И публика сходила с ума, бесновалась:
– Браво, Дуров! Бра-а-а-во!!
А треск такой стоял, будто обрушивался высокий темный потолок.
Нынешнему представлению предшествовали следующие события.
На Мало-Садовой, недалеко от Дуровых, повесился слесарь с веретенниковского завода. Причина самоубийства, как сообщил «Воронежский телеграф», осталась неизвестна. Заметка из раздела «Происшествия» робко намекала на «тяжелые условия жизни», «расшатанную алкоголем психику и прочее». Но тут же расхваливались рабочие общежития при заводе «нашего уважаемого негоцианта, предпринимателя В. Г. Столля». Мрачная, страшная история с самоубийством замазывалась неумеренными комплиментами по адресу «прогрессивных культурных фабрикантов» и т. д.
Все это были слова, слова, слова…
На самом же деле слесарь Хатунцев повесился потому, что у него было шестеро ребятишек, которых он не мог прокормить.
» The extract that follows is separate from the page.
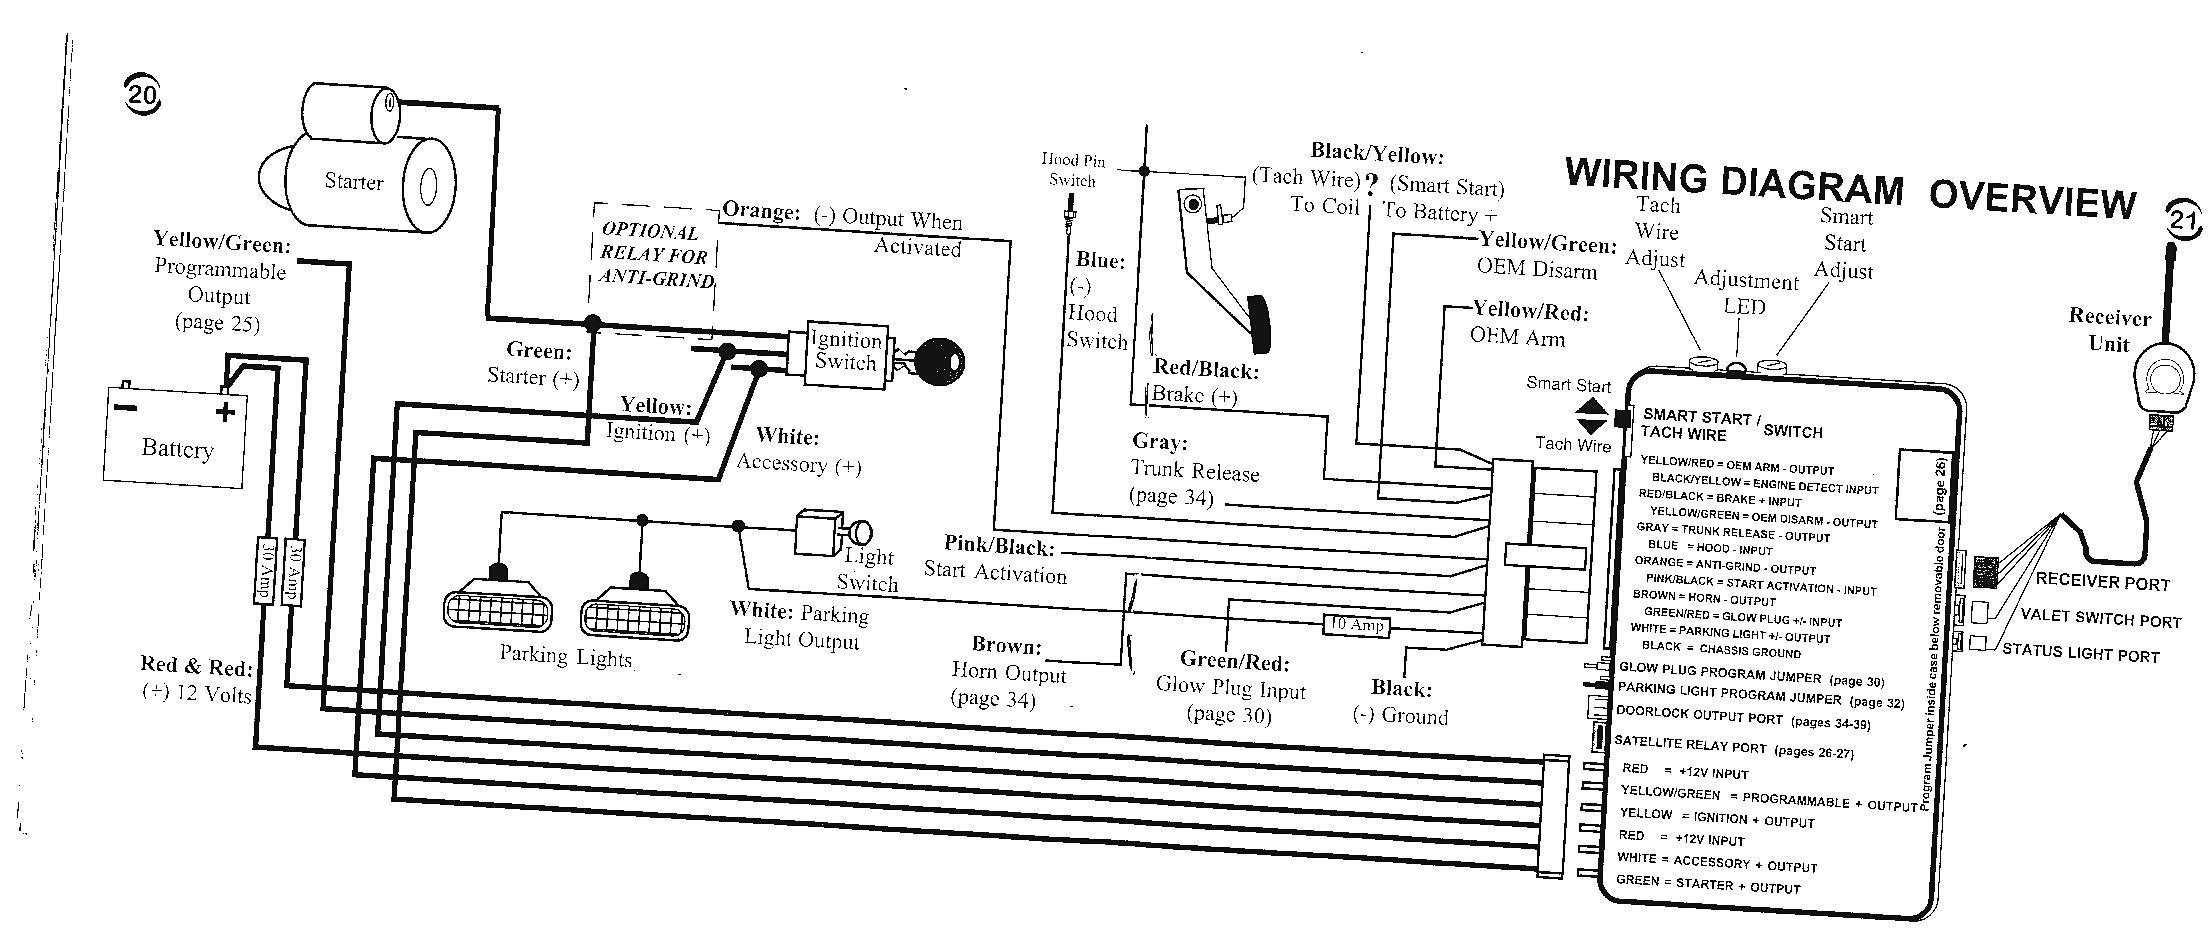 code alarm wiring diagrams list of wiring diagrams car stereo wiring diagram avital alarm wiring diagrams wiring
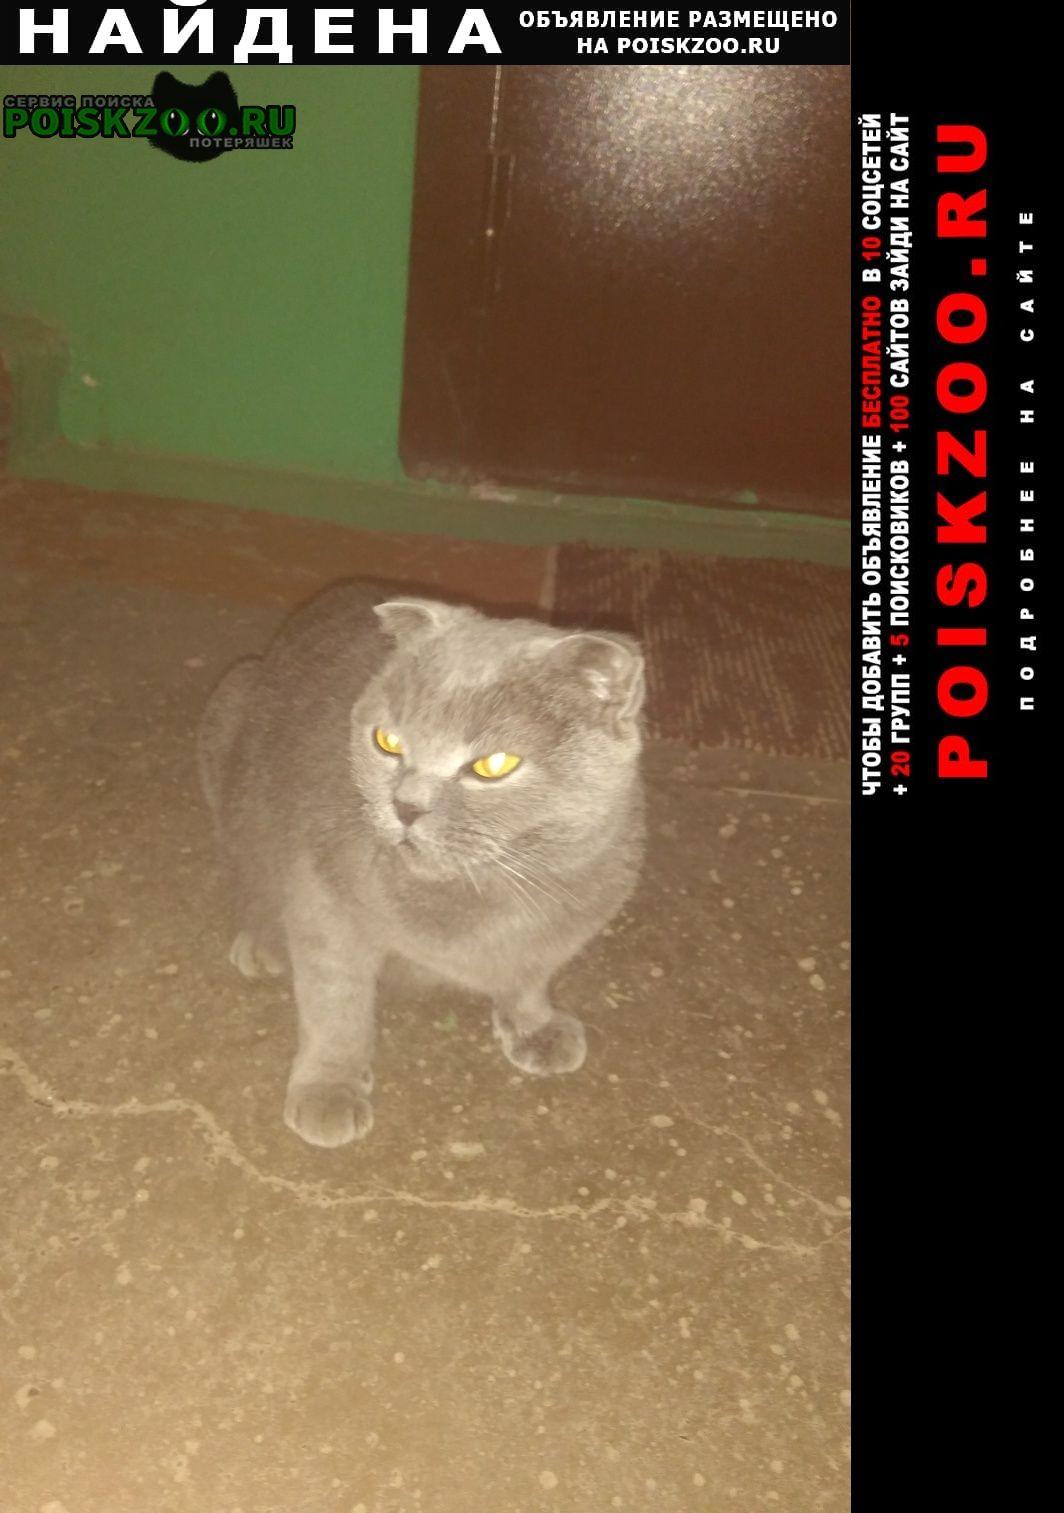 Найдена кошка прибилась кошечка. Дзержинск

Когда по улице разнеслась эта ужасная весть, Анатолий Леонидович, смешавшись с толпой любопытствующих, заглянул в нищенскую хибарку Хатунцева. То, что он увидел, потрясло его.
Оп заперся в кабинете, не вышел к обеду. На листке почтовой бумаги, на обороте записки от Чериковера, где тот предлагал устроить состязания в запуске фигурных змеев, задумчиво чертил какие-то сложные фигуры, соединял их в узорные нагроможденья, растушевывая, разукрашивая новыми затейливыми завитушками. «Убийцы… убийцы!» – бормотал, хмурился и снова чертил. Наконец, отшвырнув листок, глянул на бездумное свое рукоделье. Из хитро начерченных узоров глядело отчетливо: УБИЙЦЫ.
– Рабочий вопрос! – усмехнулся. – Уж как же мы любим пошуметь об этом «вопросе»… Как мы его заездили! В клячу заморенную превратили…
Рука с карандашом снова потянулась к чериковеровскому листку, и через минуту на нем появилась тощая кляча, везущая телегу с золотом. На пузатых мешках важно восседала ее величество Хавронья.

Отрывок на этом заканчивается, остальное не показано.